Anybody prepping for that natural disaster, EMP, banking collapse, or zombiepocalypse?

I don't like to call myself a 'Prepper' because of the negative connotation of the crazy guys on TV, but I certainly believe in being prepared.  I'm realistically concerned about a long-term loss of power from natural disasters, ice storms, and the like; not so much the zombies. :mrgreen:

I like to keep a good portion of food on-hand, for instance, and fall is the time of year when I restock the supplies for those possible winter disasters after having "eaten down" the stockpile over the summer.  By the time I'm done, I should have somewhere around 3 months worth of food for four people - a bit longer if we've stretched it to the rice&beans only endpoint.  Of course I have water and water purification methods on hand for longer timeframes than that, as well.

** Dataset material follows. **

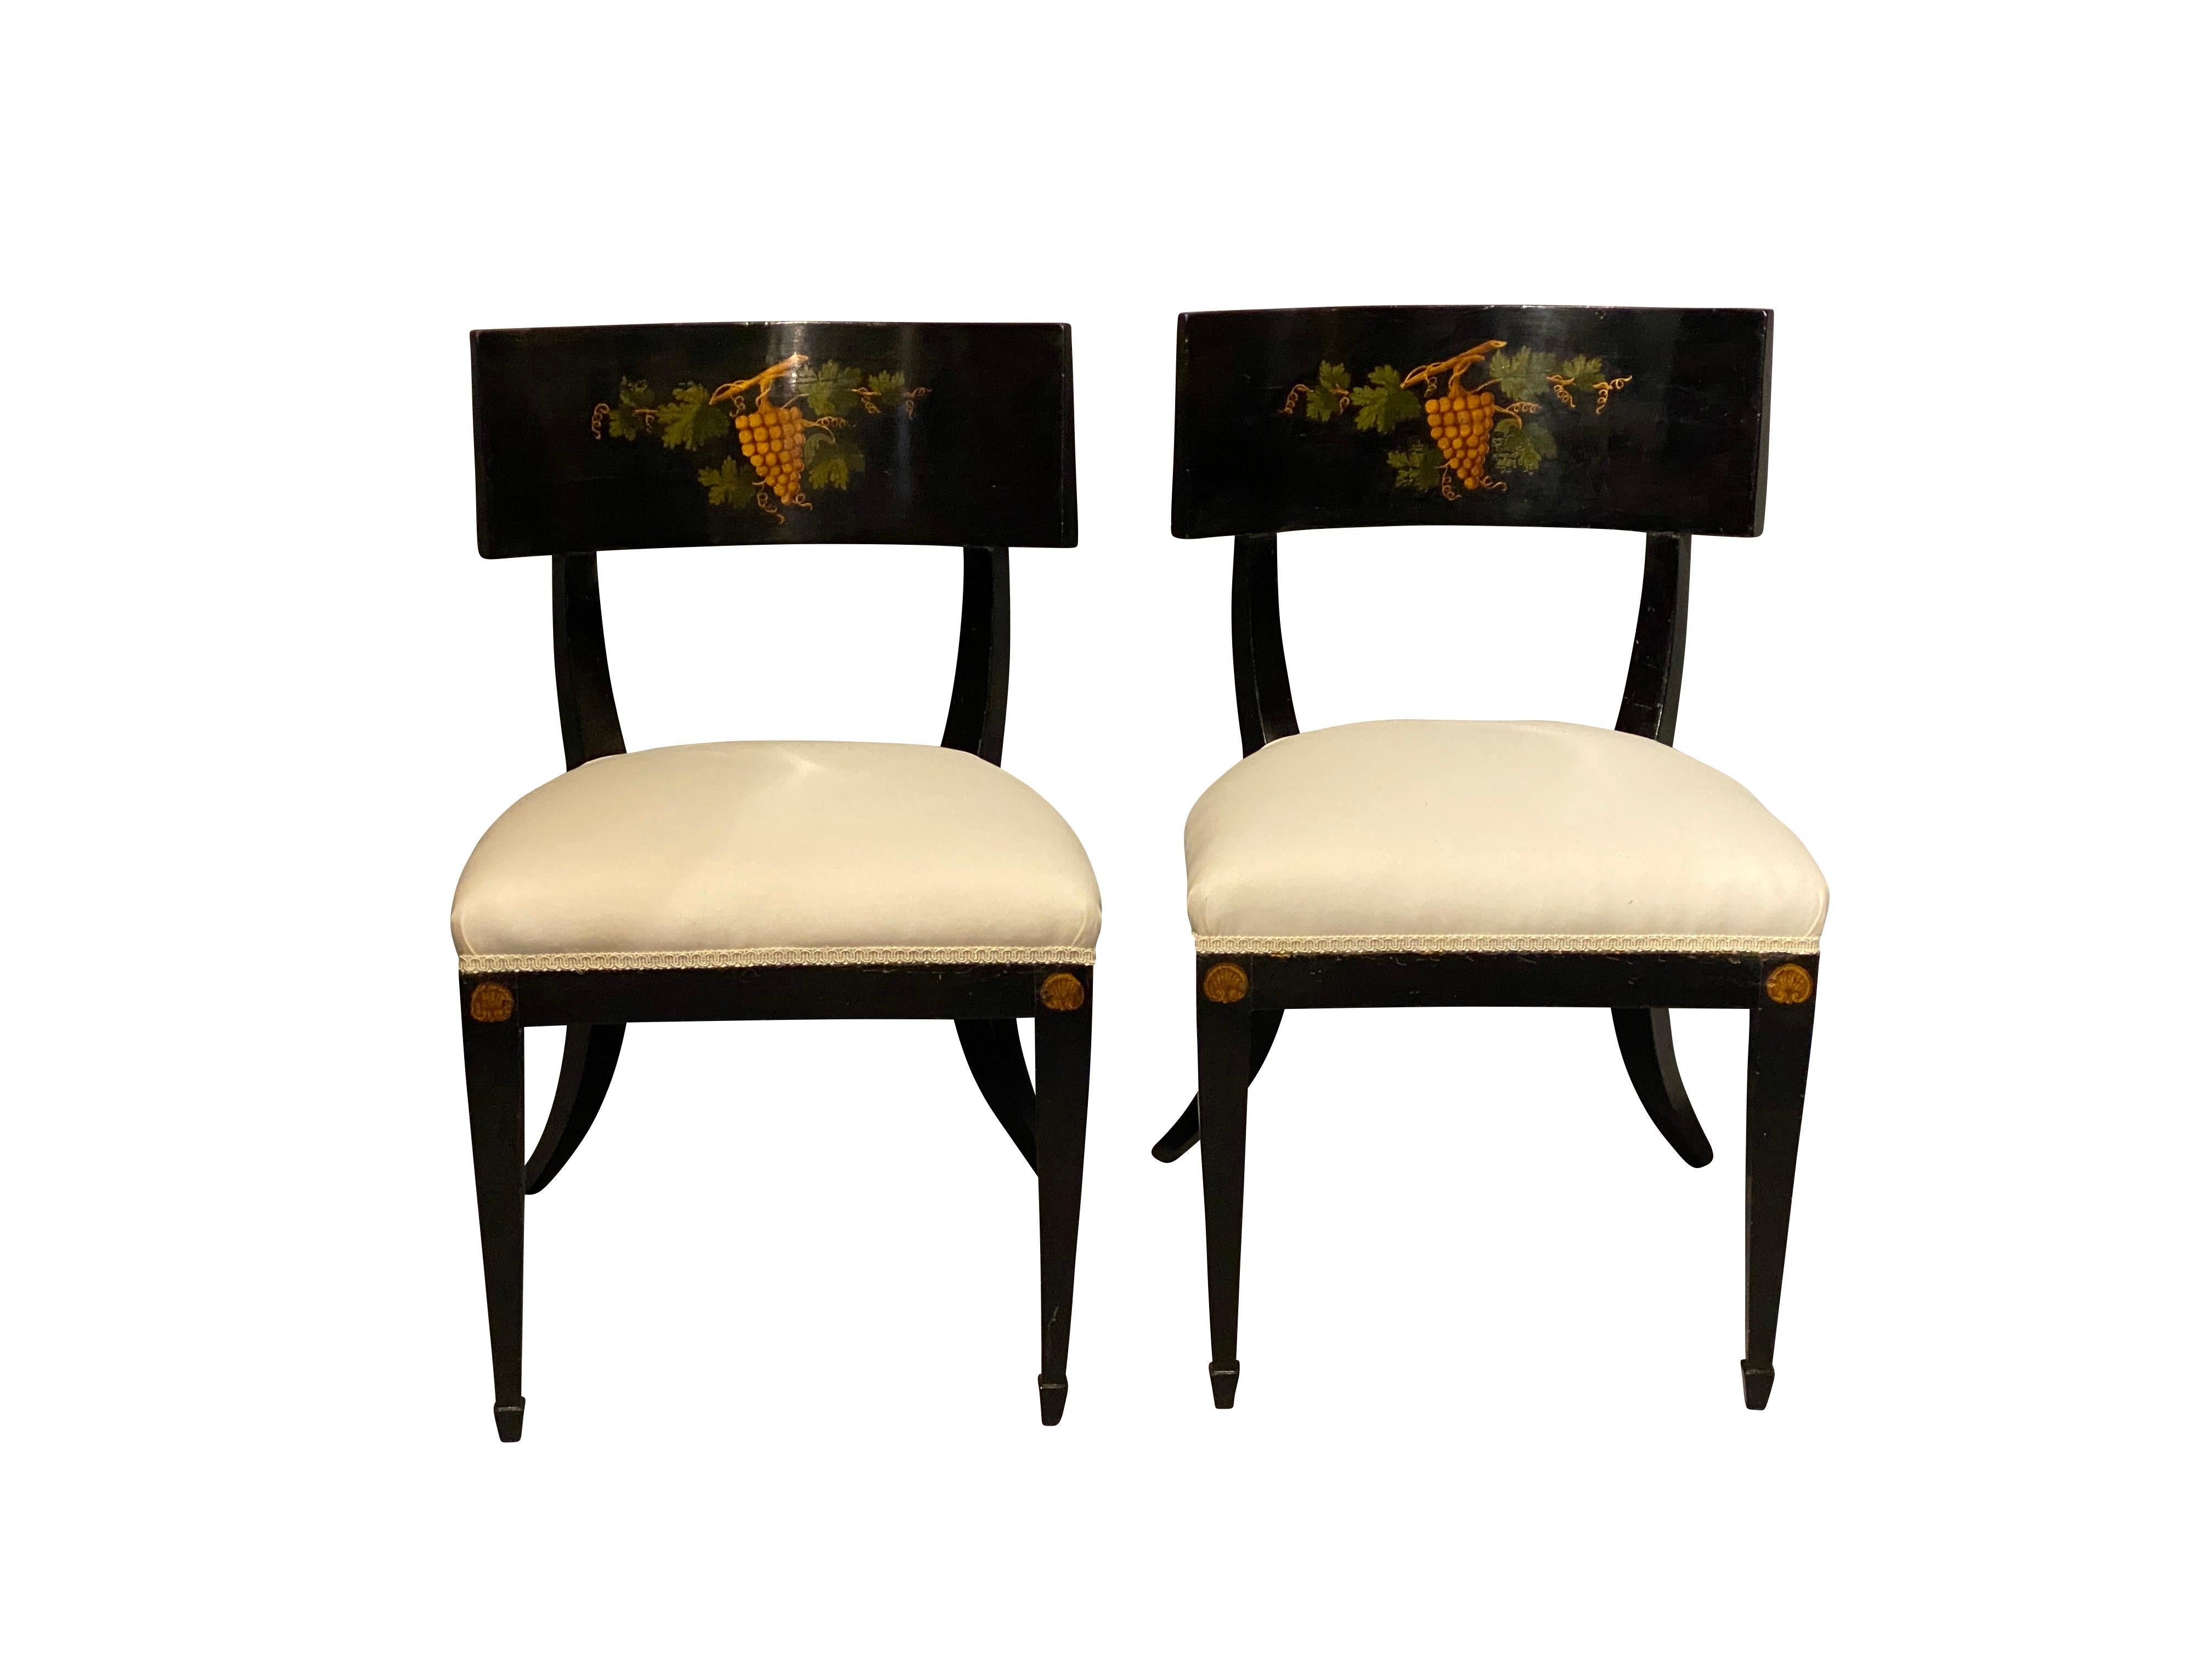 Each with a curved wide seat rail with grape leaves and grapes central decoration, upholstered seat, raised on exaggerated saber legs. Provenance; Estate of William Hodgins, Interior designer. Boston.
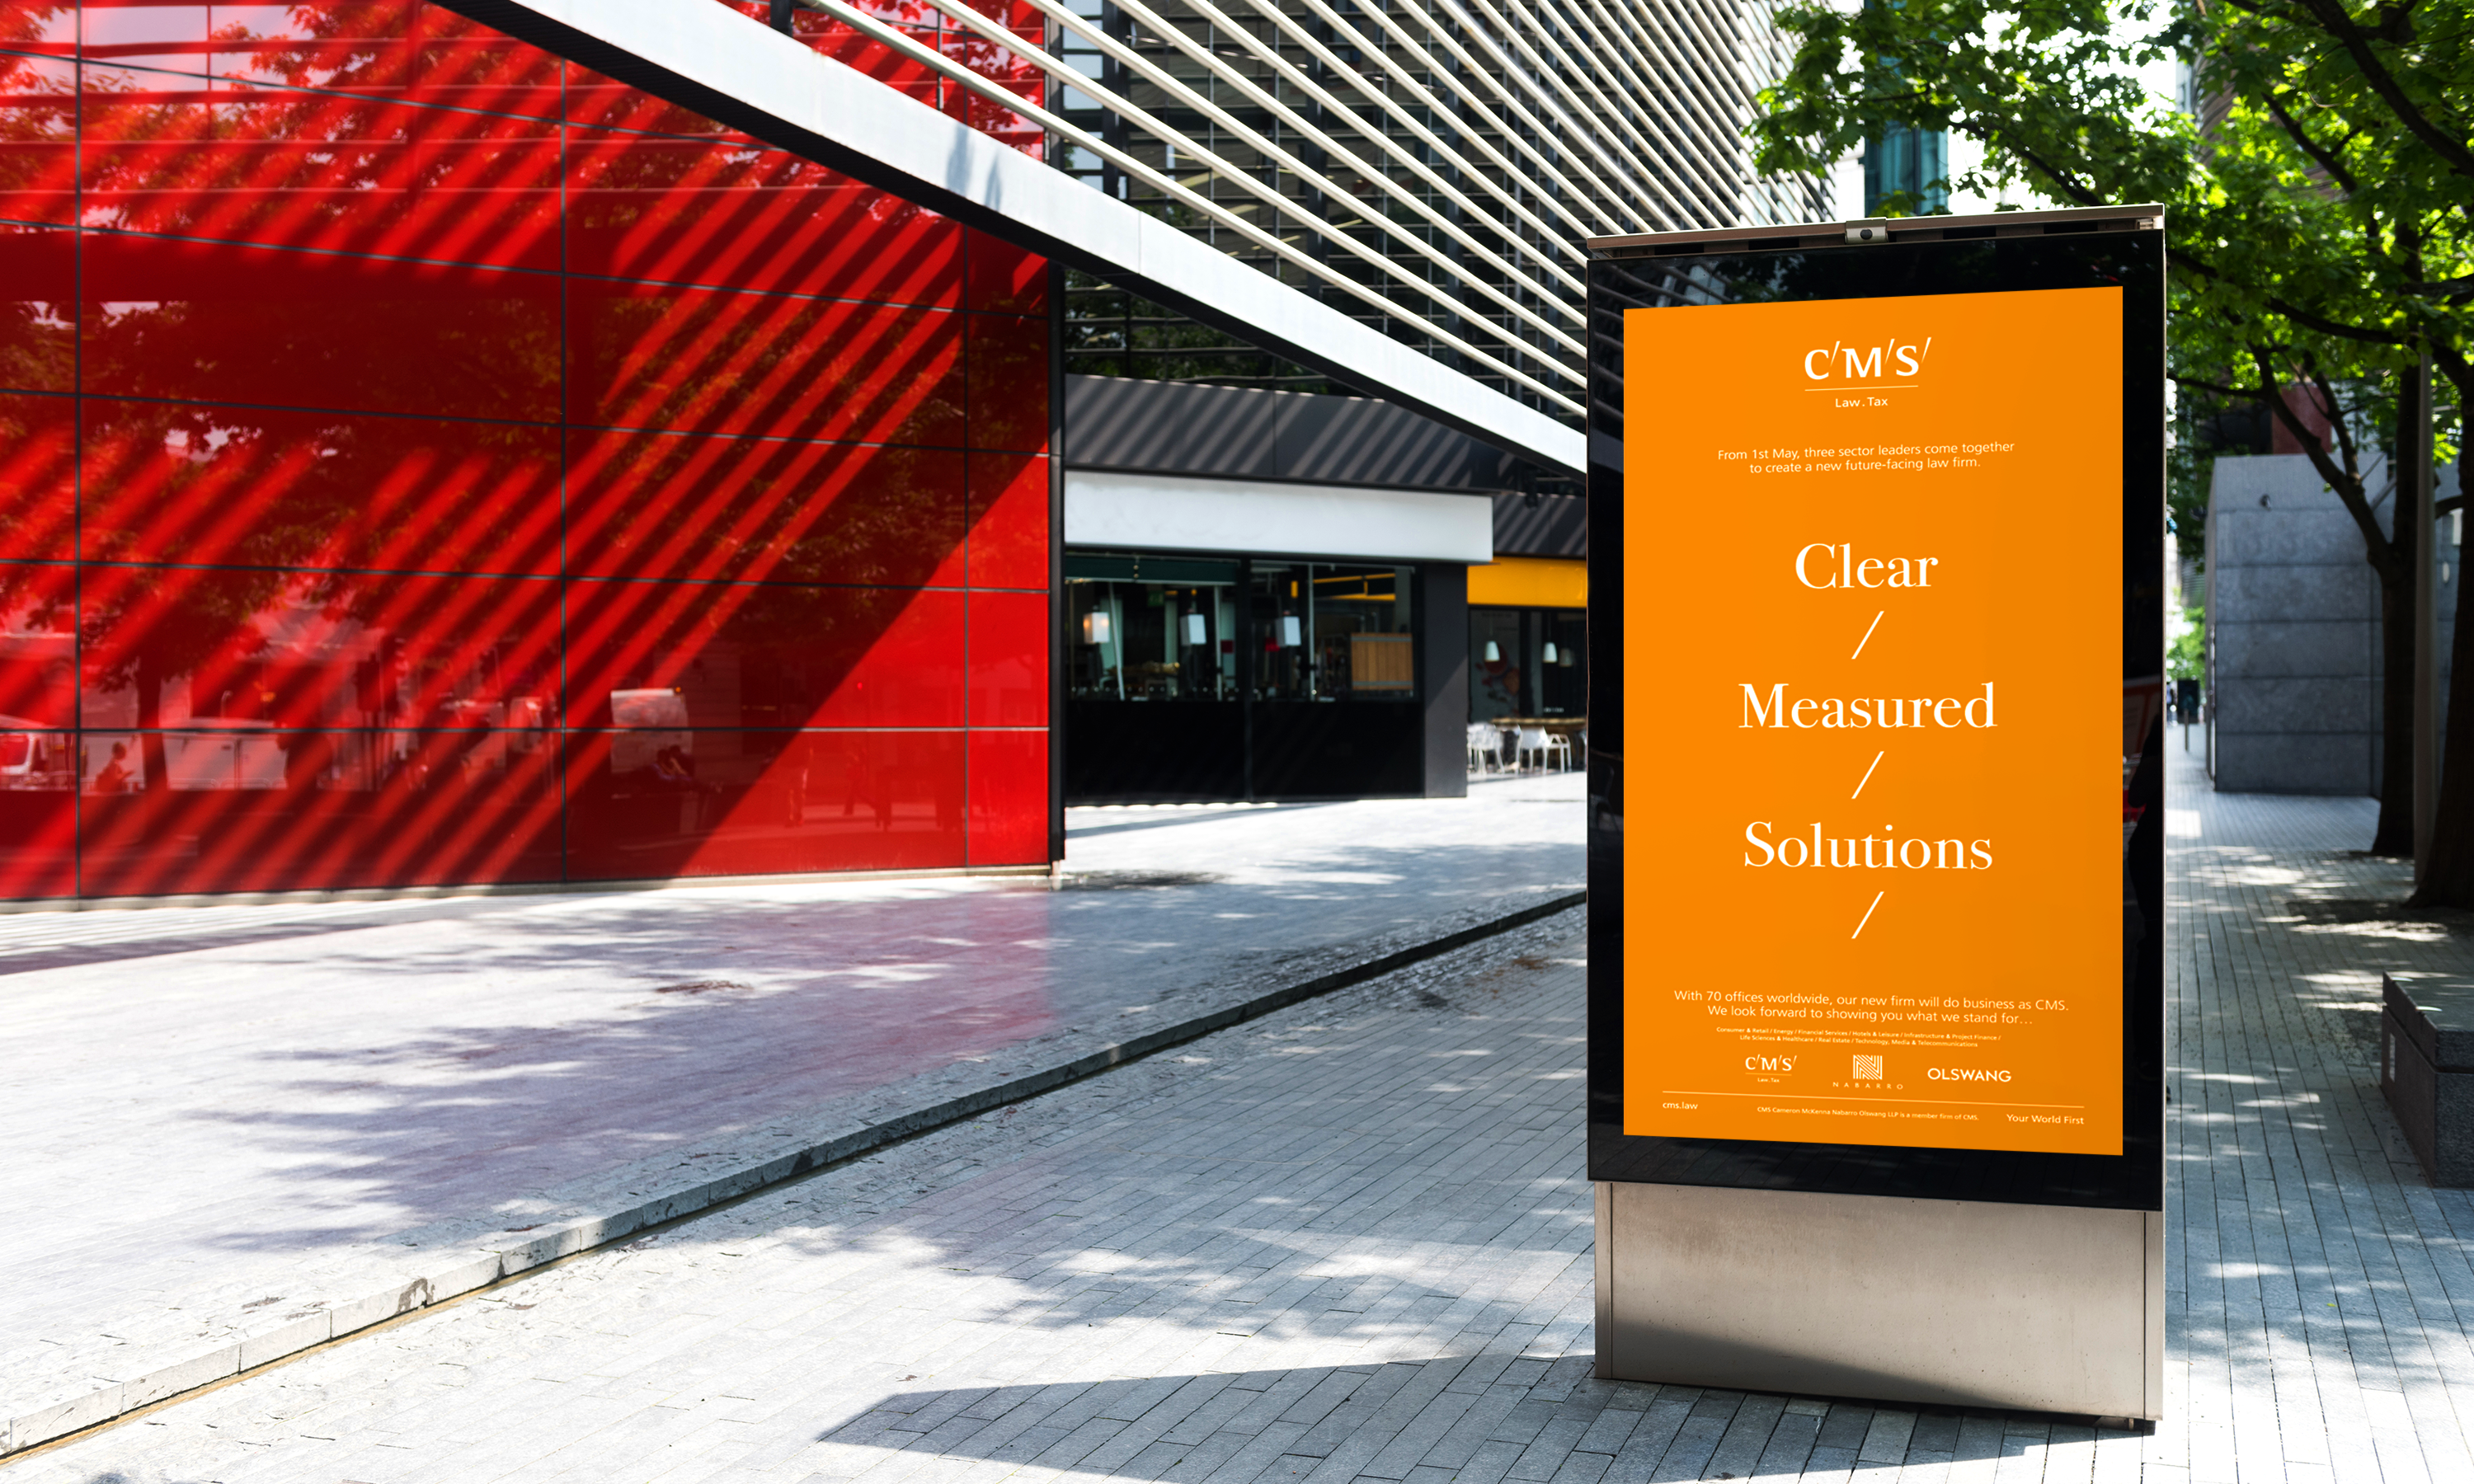 Branding and advertising by Neon - CMS London Law Firm - Law sector branding - Clear Measured Solutions poster designed by Dana Robertson

Since the cold is our biggest potential enemy here, I also have a way to heat our house with kerosene and store a couple weeks of fuel for it.  Along those same lines, I have lanterns and fuel as well as more primitive methods to cook all that food above if we lose power and/or natural gas.

I build short-term kits for our cars with things like water/food, a heat source, warm clothes, an emergency alkaline cellphone charger, etc.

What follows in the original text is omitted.